Unadjusted and adjusted longitudinal analyses; cognitive tests performed at 34 years, outcomes assessed at 43 years. ORs = standardised odds ratio: odds ratio for outcome when predictor variable changes by one standard deviation, i.e. when the predictor variable increases by one SD, odds of having the outcome are multiplied by the amount indicated by the ORs. Correspondingly if the predictor decreases by one SD, the odds are divided by the amount indicated by the ORs. This way the statistic does not depend on the scale of the measure used and the different neurocognitive tests can be directly compared with one another. A similar method has been used previously with logistic regression (Nieminen et al., 2013). CI = confidence interval at 95% confidence level, β = standardised coefficient, Sig = p-value. In bold; p-value < 0.05.

Adjusted for onset age

AIM abstraction and memory subtest, 3 participants excluded due to below chance score.
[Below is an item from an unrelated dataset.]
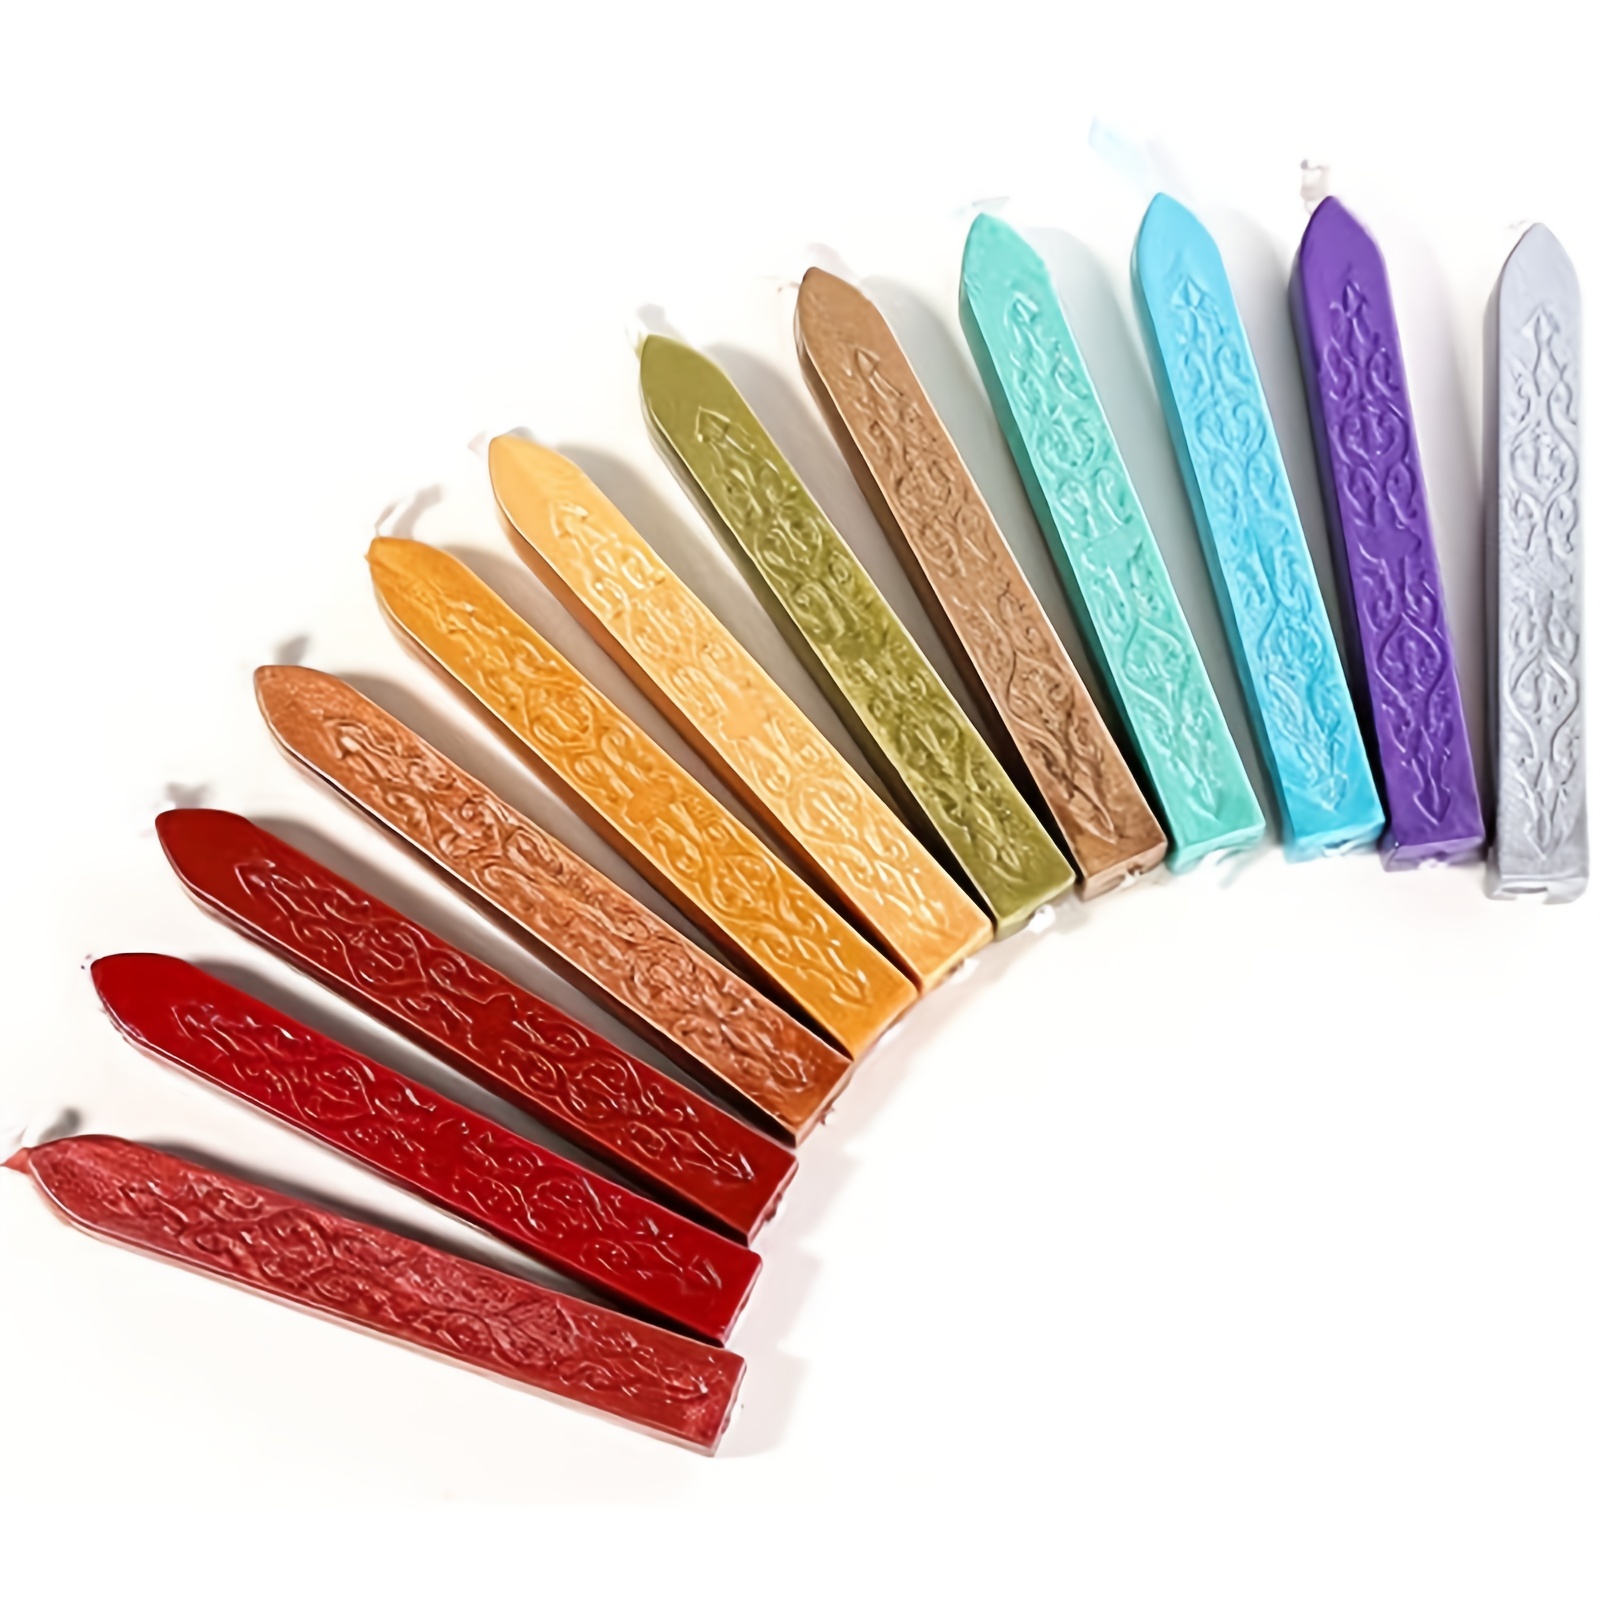 Bememo 12 Pieces Sealing Wax Sticks with Wicks Antique Fire Manuscript Sealing Wax for Wax Seal Stamp (12 Colors)

AIM abstraction subtest, 2 participants excluded due to below chance score.

After adjusting for onset age, the only statistically significant results remained between long-term verbal memory and global outcome, and between VOLT and vocational outcome (Table 3). For these associations, we also analysed several other potential confounders in addition to onset age. Gender and education had no great effect on the results, as opposed to negative symptoms, which significantly reduced the predictive power of neurocognition (Table 4).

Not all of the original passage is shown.